Молодой курат взял на себя детские воскресные проповеди и подготовку детей к конфирмации; кроме того, он освободил своих престарелых коллег от послеобеденной, вечерней службы. Он робел перед большой аудиторией, а на вечерней службе народу бывало немного.
Большую радость доставляли ему занятия с детьми. Курс подготовки детей к конфирмации длится в Эльзасе два года, и молодой курат старался сделать все, чтобы уроки его были необременительны. Как и кумир его, Гёте, он любил детей. И он очень хотел преподать им на всю жизнь простейшие этические истины и нормы. Он тем больше стремился к этому, чем меньше верил в современную ему западную школу. Общий упадок цивилизации прежде всего выражался, по мнению Швейцера, в деградации школы. Учитель становился все более узким специалистом; он не имел больше знаний и широты, которые позволяли бы ему расширять умственные горизонты ребенка, демонстрируя связи между науками. У школьного учителя оставалось все меньше свободы преподавания, он и сам был все больше и больше связан программой. И что еще более важно, идеалы человечности и добра были загнаны в школьных программах и школьных учебниках в такой дальний глухой угол, словно задача подготовки личности больше вообще не занимала человеческую расу. Швейцер с грустью обращал взгляд к временам, когда даже для приключенческой книжки обязателен был определенный этический уровень. Герой Дефо, небезызвестный Робинзон Крузо, постоянно размышлял о нормах человеческого поведения, и Швейцер не раз вспоминал, что, защищаясь от туземцев, Робинзон все время думает о том, чтобы защитить себя, причинив как можно меньший урон нападающим. Этот Робинзон со страниц старинной книжки, по верному замечанию Швейцера, являл собой живой и полнокровный характер, чего нельзя было сказать о доблестных шерифах, солдатах, индейцах, сыщиках и шпионах, стрелявших уже во времена Швейцера направо и налево, проливая реки крови.
Швейцер собирает материал для статьи «Философия и общественное образование в XIX веке», где высказывает некоторые идеи, развернутые впоследствии в большой философской книге. Швейцер развивает мысль об автономности наук в наш век, о разрозненности мысли, о недостатке философского образования:
«Мы живем в эпоху, начисто лишенную философской культуры. Отдельные науки высвободились. Они либо не чувствуют нужды в общем мировоззрении, либо каждая из них настаивает на создании своей собственной философии. Знание – сила: похоже, что лозунг этот правит нашей эпохой. Люди забывают добавить, однако, что знание – это еще не просвещение. Наш век свидетельствует о том, что, даже когда научное знание прогрессирует, количество по-настоящему просвещенных людей сокращается...»
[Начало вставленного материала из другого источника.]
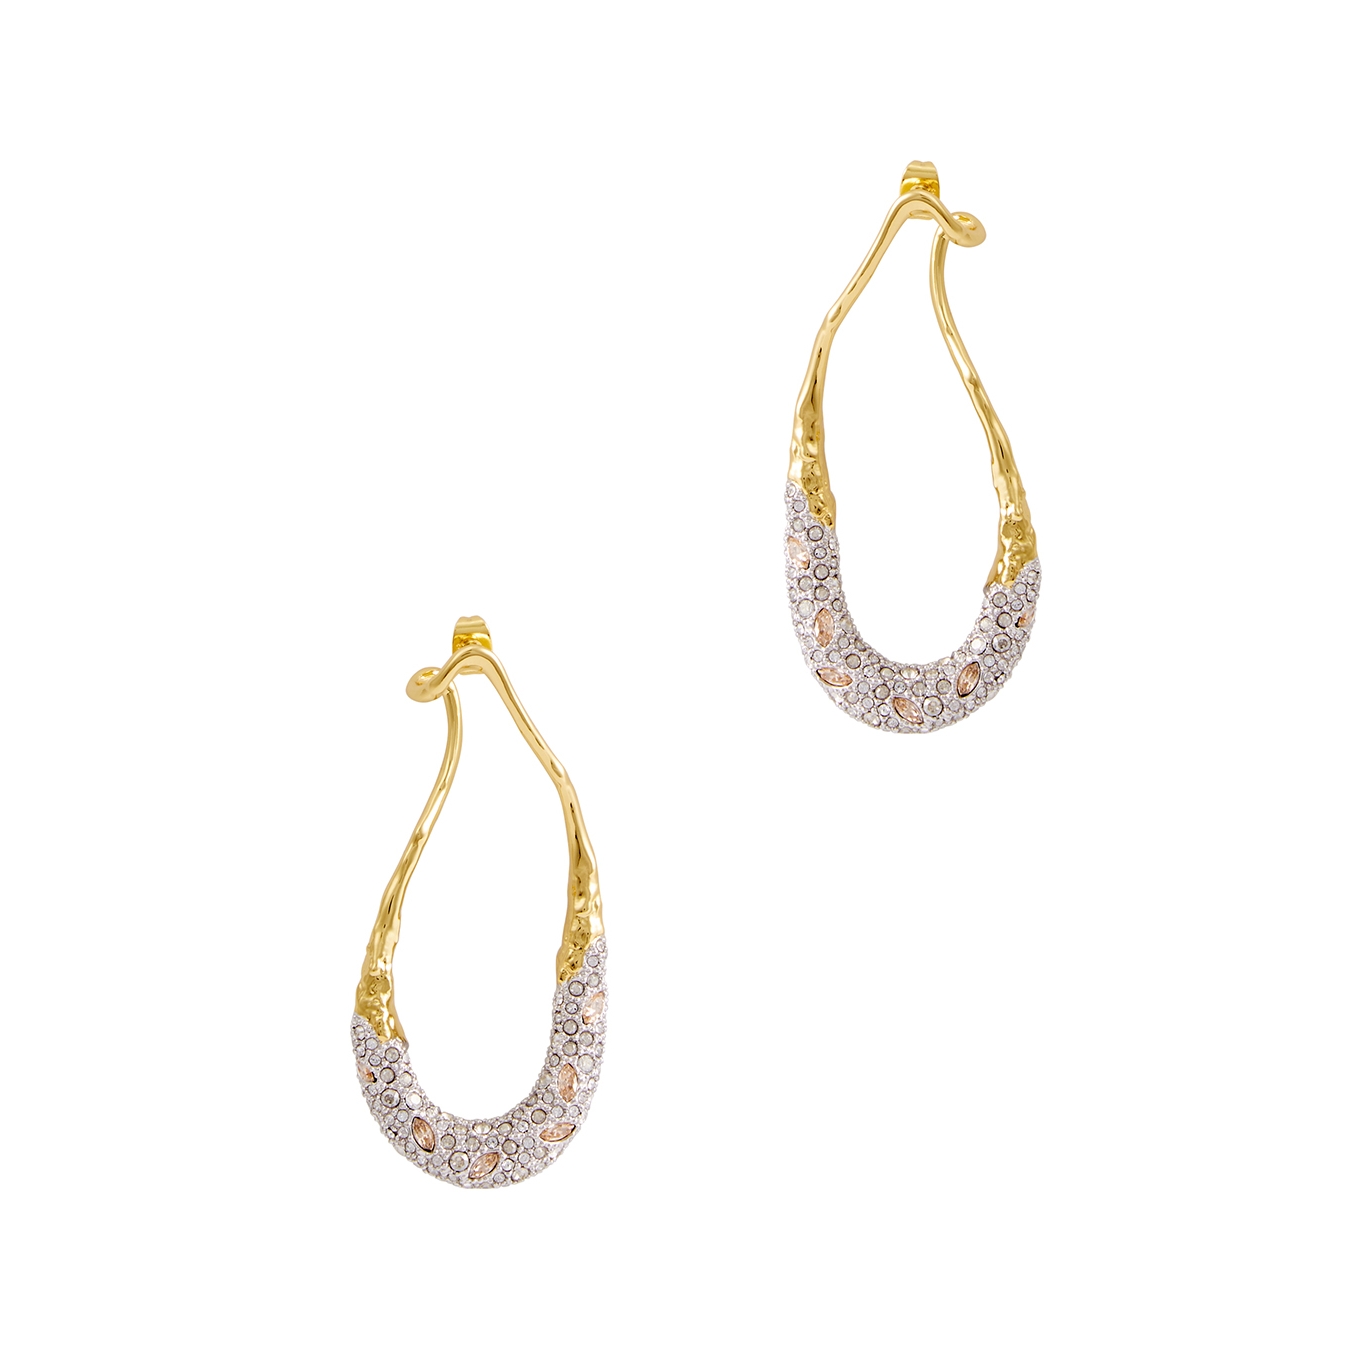 Alexis Bittar Solanales Embellished 14kt Gold-plated Drop Earrings - One Size
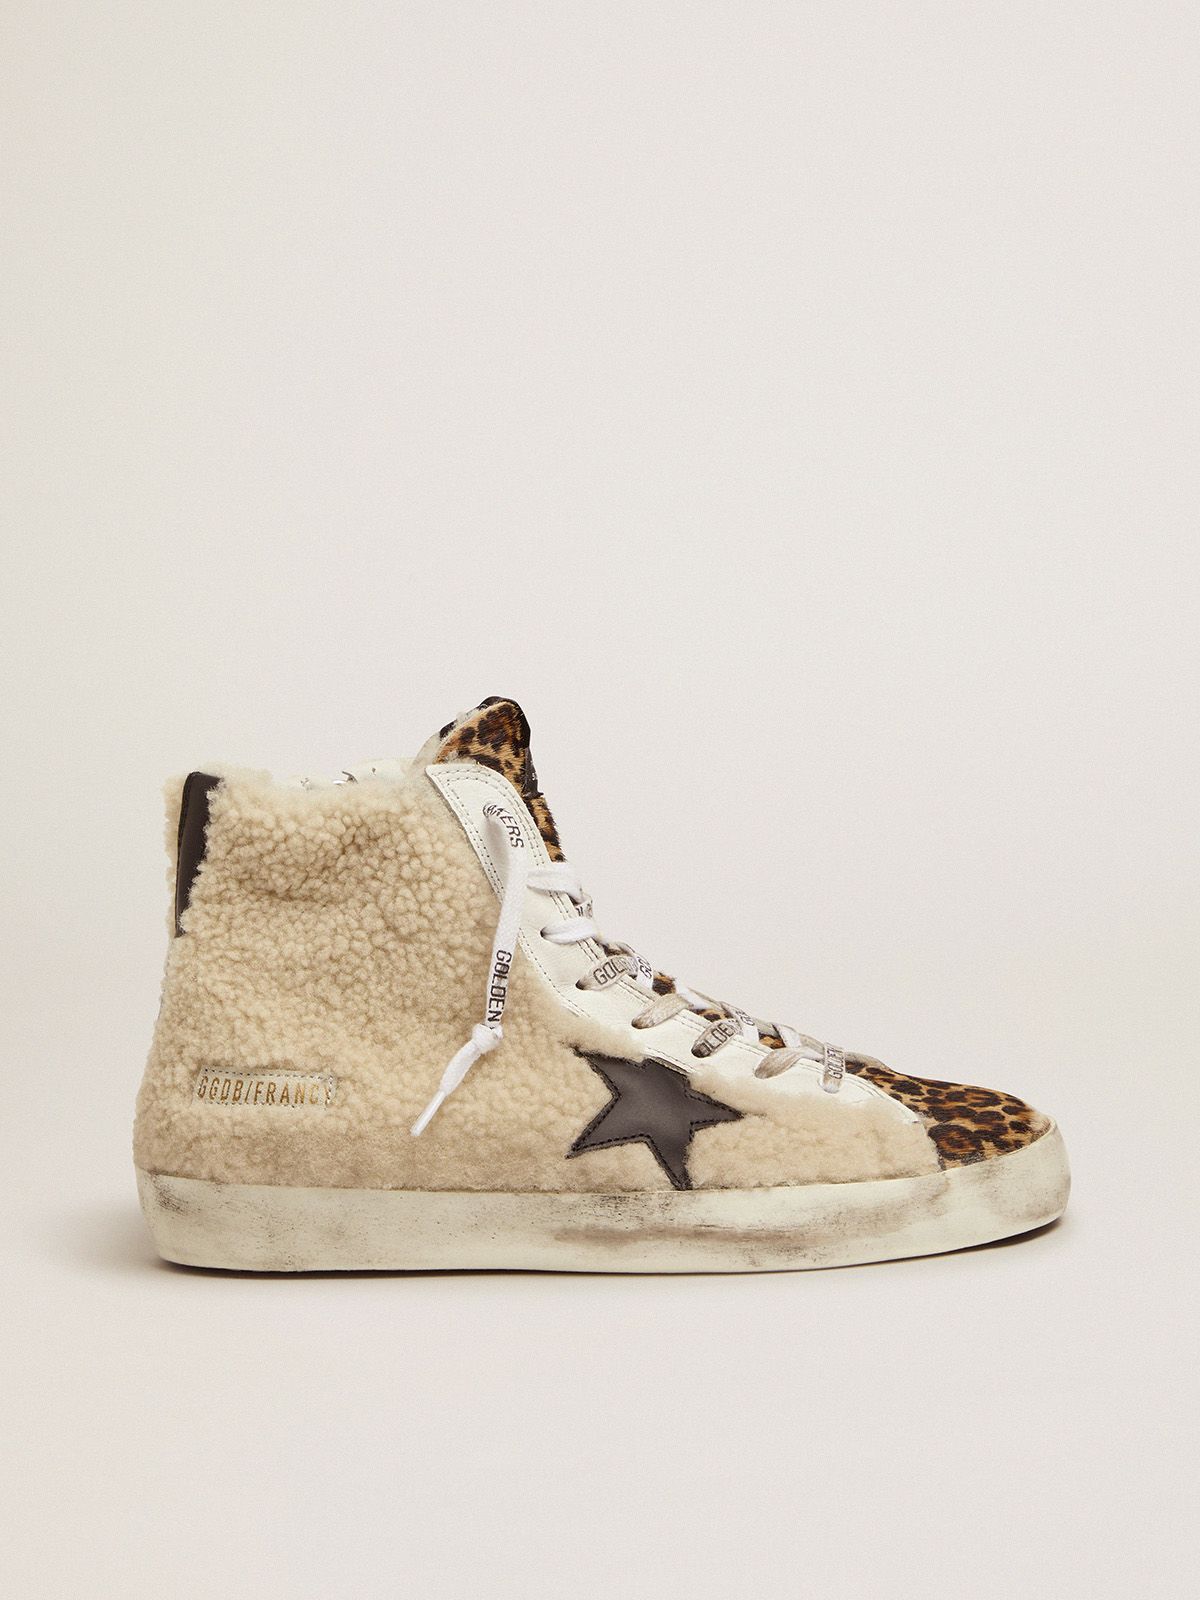 golden goose shearling a of leopard Francy print skin with made pony and sneakers

Швейцер еще и еще раз утверждает в этой статье необходимость сформировать мировоззрение и подчеркивает огромную роль философии:
«Глубоко в человеческом сердце таится это стремление к мировоззрению. Науки как таковые никогда не могут удовлетворить его; только философия обладает этой возможностью. Она подытоживает истинное состояние наук и приводит полученную картину в гармонию с этическими интересами индивида и общества».
Швейцер с грустью взирал на развитие некоторых гуманитарных наук. Любимый его предмет, история, производил удручающее впечатление. Его современники в Германии и других странах Запада все чаще говорили в ту пору об успехах исторической науки, о «чувстве истории». Между тем это их чувство истории было «не чем иным, как современным практическим смыслом, обращенным в прошлое».
«В наше время не редкость, – с изумлением писал Швейцер, – встретить величайшую ученость, соединенную с сильнейшими предрассудками. В нашей исторической литературе самое высокое положение занимают труды, написанные с пропагандистскими целями».
Если вспомнить, что и Германия, и ее противники в это время уже думали о войне, станет совершенно ясно, что имел в виду Швейцер. Правительства готовили союзы для грядущей войны, а историки подыскивали обоснования для пропагандистских лозунгов.
Скромный курат церкви св. Николая связывал между собой неудачи теологической и философской мысли, открыто заявляя, что «хорошее образование невозможно без философии». И вот в рамках своих новых обязанностей молодой курат восполнял как мог недостатки современного ему образования и просвещения, осознавая при этом впервые, «как много учительской крови унаследовал он от предков».
Он учил своих прихожан терпимости, внушая им, что, если бы и была какая-нибудь необходимость в том, чтобы все поступали и мыслили одинаково, наверняка было бы об этом сказано в евангелии.
Вряд ли кто из прихожан сознавал, что за необычный христианин достался им в кураты. Забегая вперед, отметим, что впоследствии теологи много спорили о том, христианин ли Альберт Швейцер вообще. Особенно яростны были эти споры в Скандинавских странах в двадцатые годы и позднее. Мнения расходились: одни говорили, что он вообще безбожник; другие, что он просто не христианин; третьи, что он очень странный христианин; четвертые, что он самый правоверный христианин.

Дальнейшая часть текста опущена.